Cardboard Gangsters is a 2017 Irish crime film set in Darndale, Coolock, Dublin.  It was funded by Broadcasting Authority of Ireland.

Plot 
The film follows Jay and his friends as they attempt to take control of the Darndale drug trade from Murphy, who has controlled the Darndale drug trade for the last 30 years.
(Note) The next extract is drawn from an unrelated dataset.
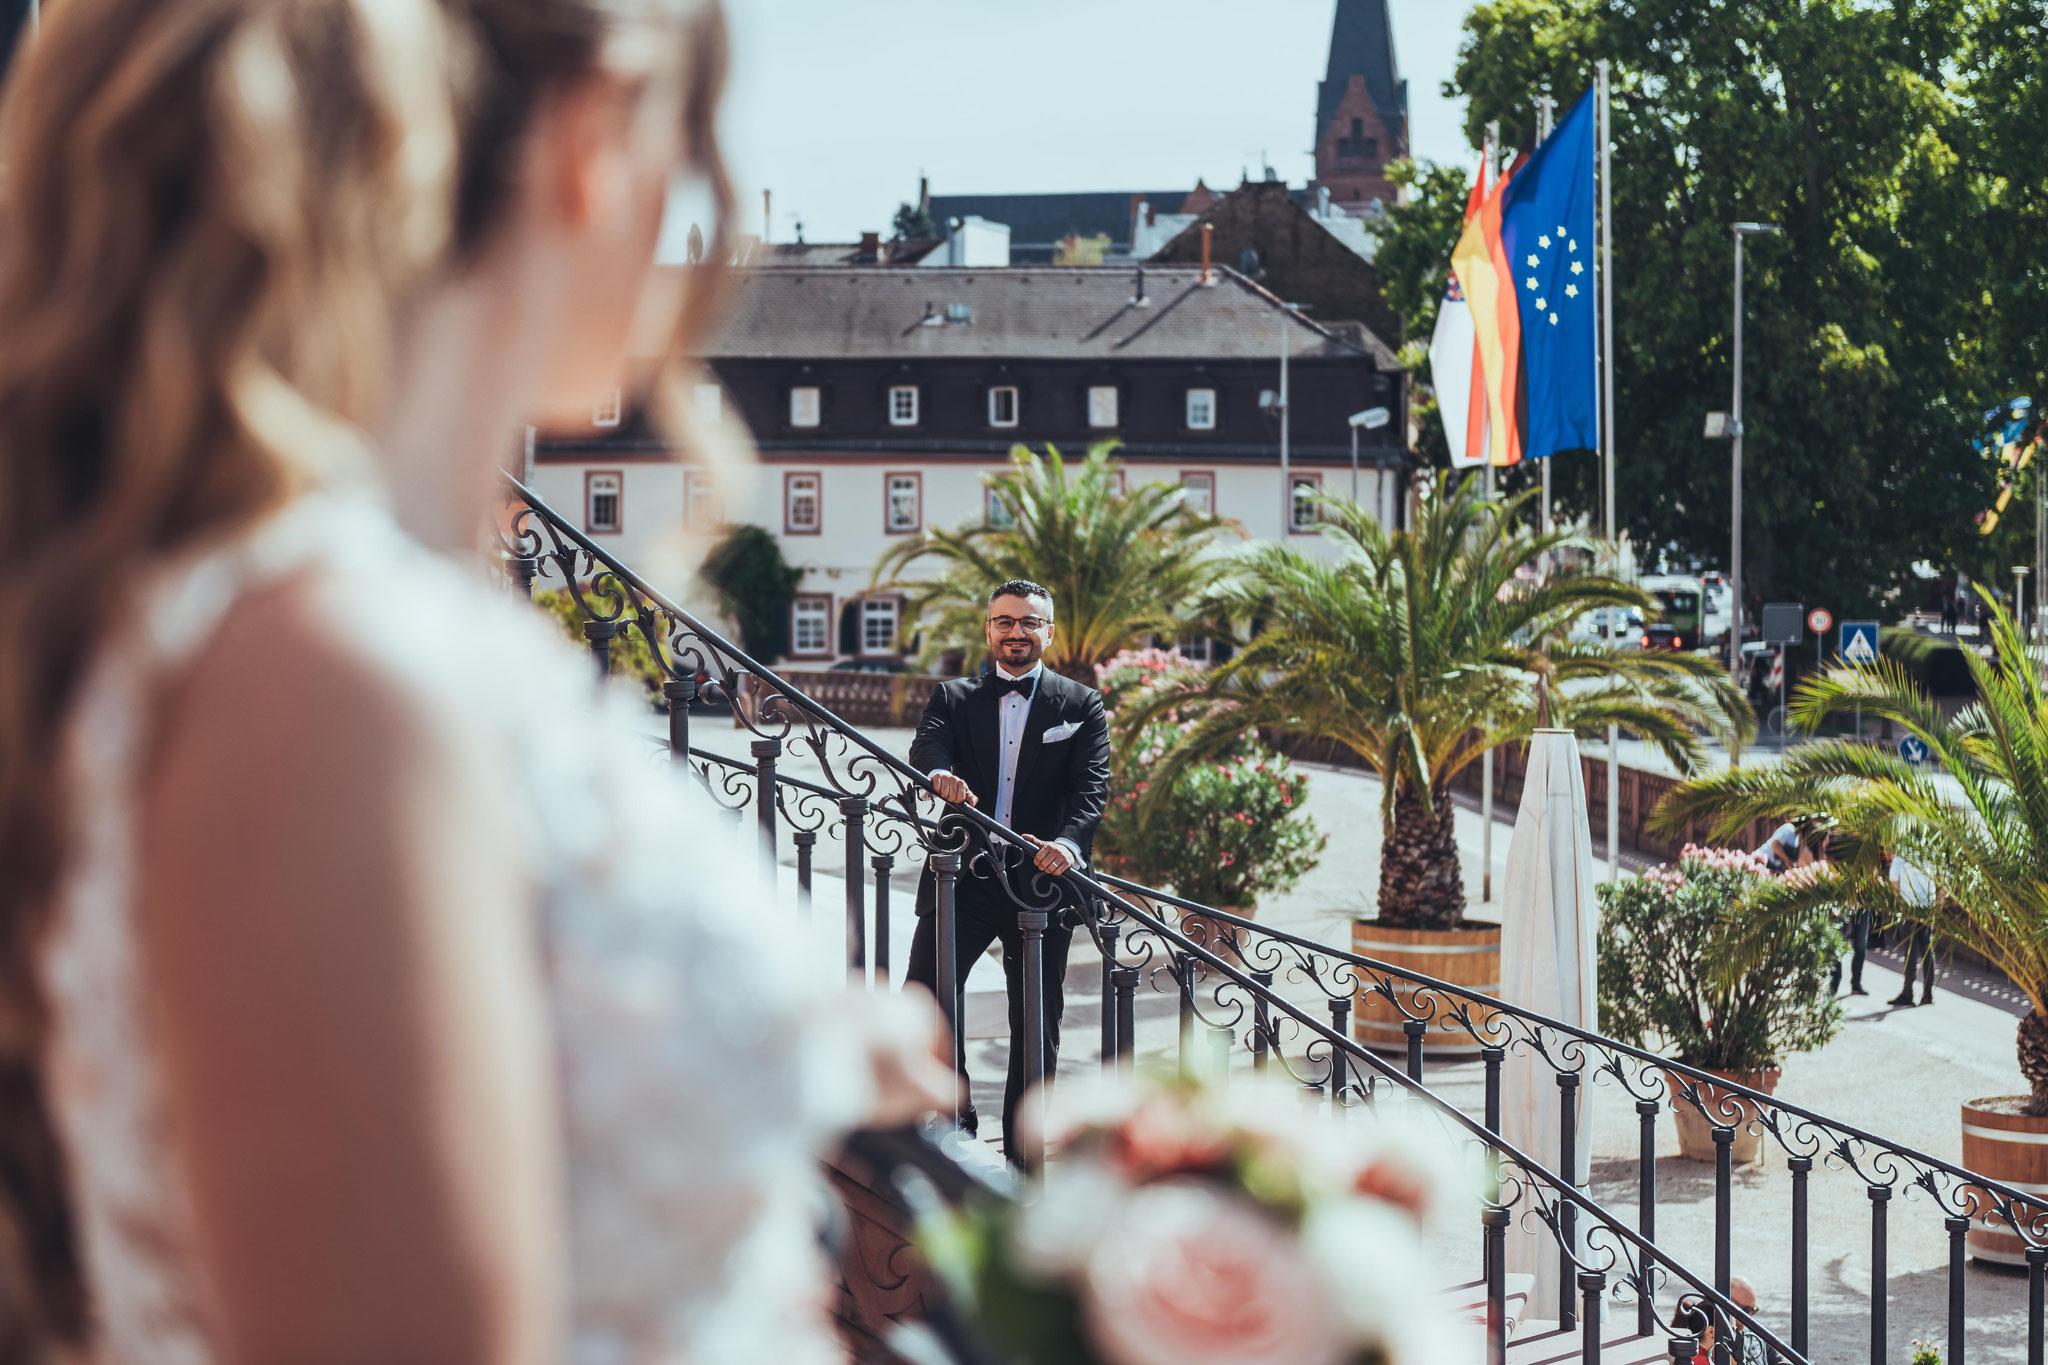 Romantische Aufnahmen von Brautpaaren

24 year old Jayson "Jay" Connelly, who lives with his friends in Darndale, Coolock with his friends Dano, Glenner and Cobbie; learns he is cut off from unemployment benefits due to a recent DJing gig. To make matters worse, he finds out his mother has been taking loans from Derra Murphy, the local crime lord, to pay for her debts and bills. Jay and his friends begin procure and deal drugs on Darndale territory, spiting Derra. All the while, Jay strikes up a relationship with Kim Murphy, Derra's wife, which ruins his budding relationship with Sarah, his girlfriend.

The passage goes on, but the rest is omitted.